- Prkos Lasinjski Location of Prkos Lasinjski in Croatia
- Coordinates: 45°30′18″N 15°48′32″E﻿ / ﻿45.50500°N 15.80889°E
- Country: Croatia
- Region: Continental Croatia
- County: Karlovac
- Municipality: Lasinja

Area
- • Total: 5.3 km^{2} (2.0 sq mi)
- Elevation: 146 m (479 ft)

Population (2021)
- • Total: 48
- • Density: 9.1/km^{2} (23/sq mi)
- Time zone: UTC+1 (CET)
- • Summer (DST): UTC+2 (CEST)
- Postal code: 47206 Lasinja
- Area code: (+385) 047

= Prkos Lasinjski =

Prkos Lasinjski is a village in central Croatia, in the municipality of Lasinja, Karlovac County.

==History==
Prkos Lasinjski suffered heavy demographic losses in the World War II with nearly 480 of its residents perishing.
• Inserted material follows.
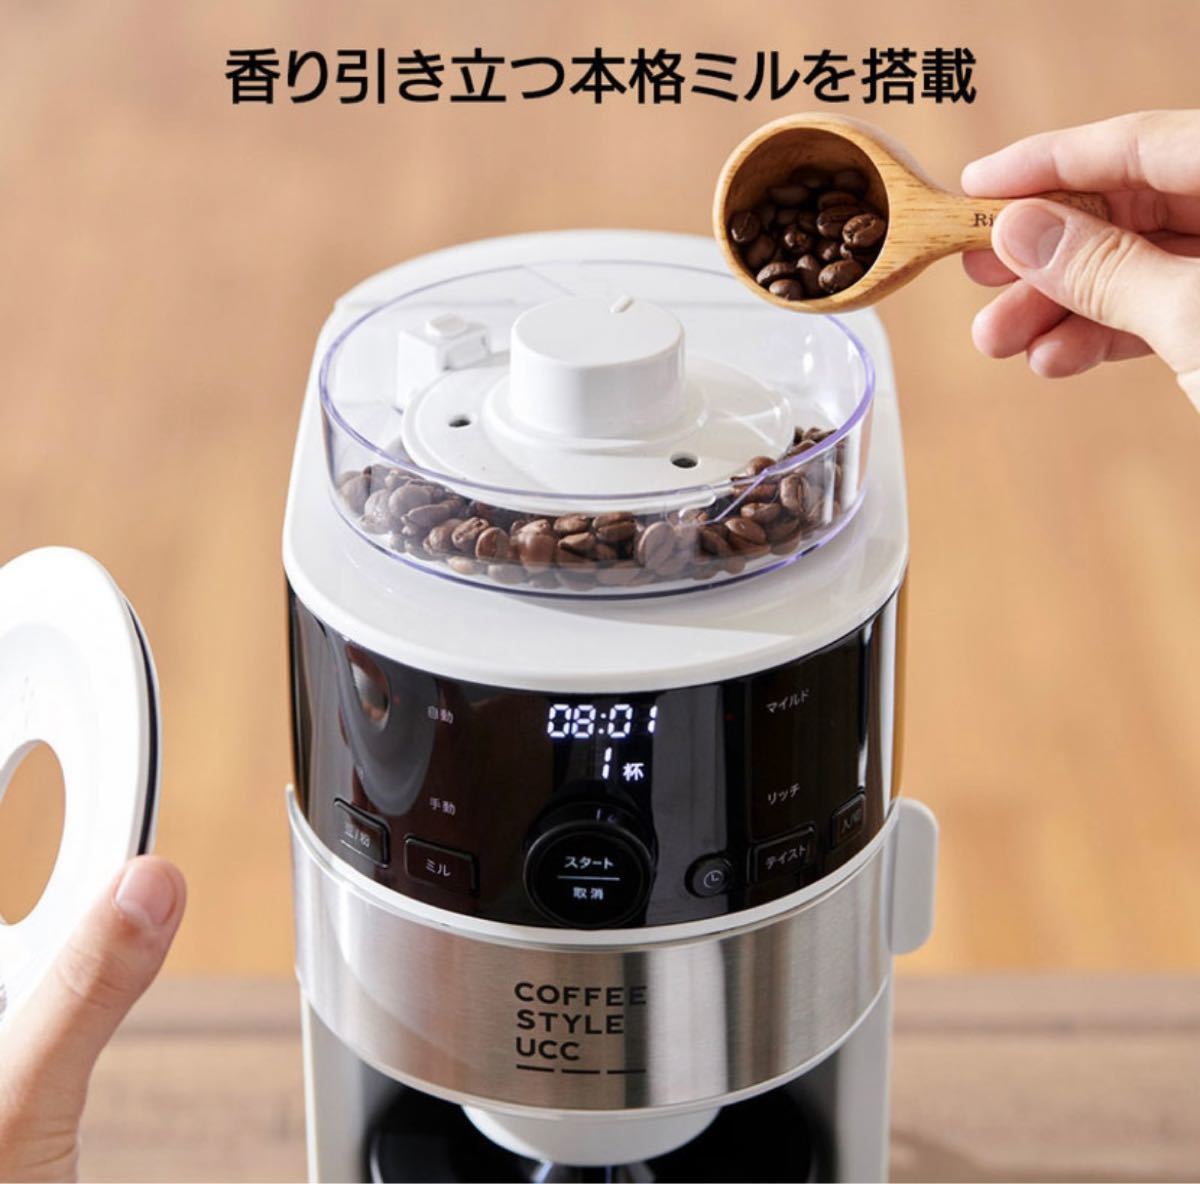 シロカ コーヒーメーカー SC-C124・UCC限定仕様 コーヒー豆 2種付き

Out of those, 428 people were civilian victims of fascism and 23 were fallen partisans. During the WWII Genocide by the Croatian fascist Ustaše regime, on 21 December 1941, hundreds of Serbs from the village were taken to the Brezje forest and massacred.

==Demographics==
According to the 2011 census, the village of Prkos Lasinjski has 52 inhabitants. This represents 36.62% of its pre-war population according to the 1991 census.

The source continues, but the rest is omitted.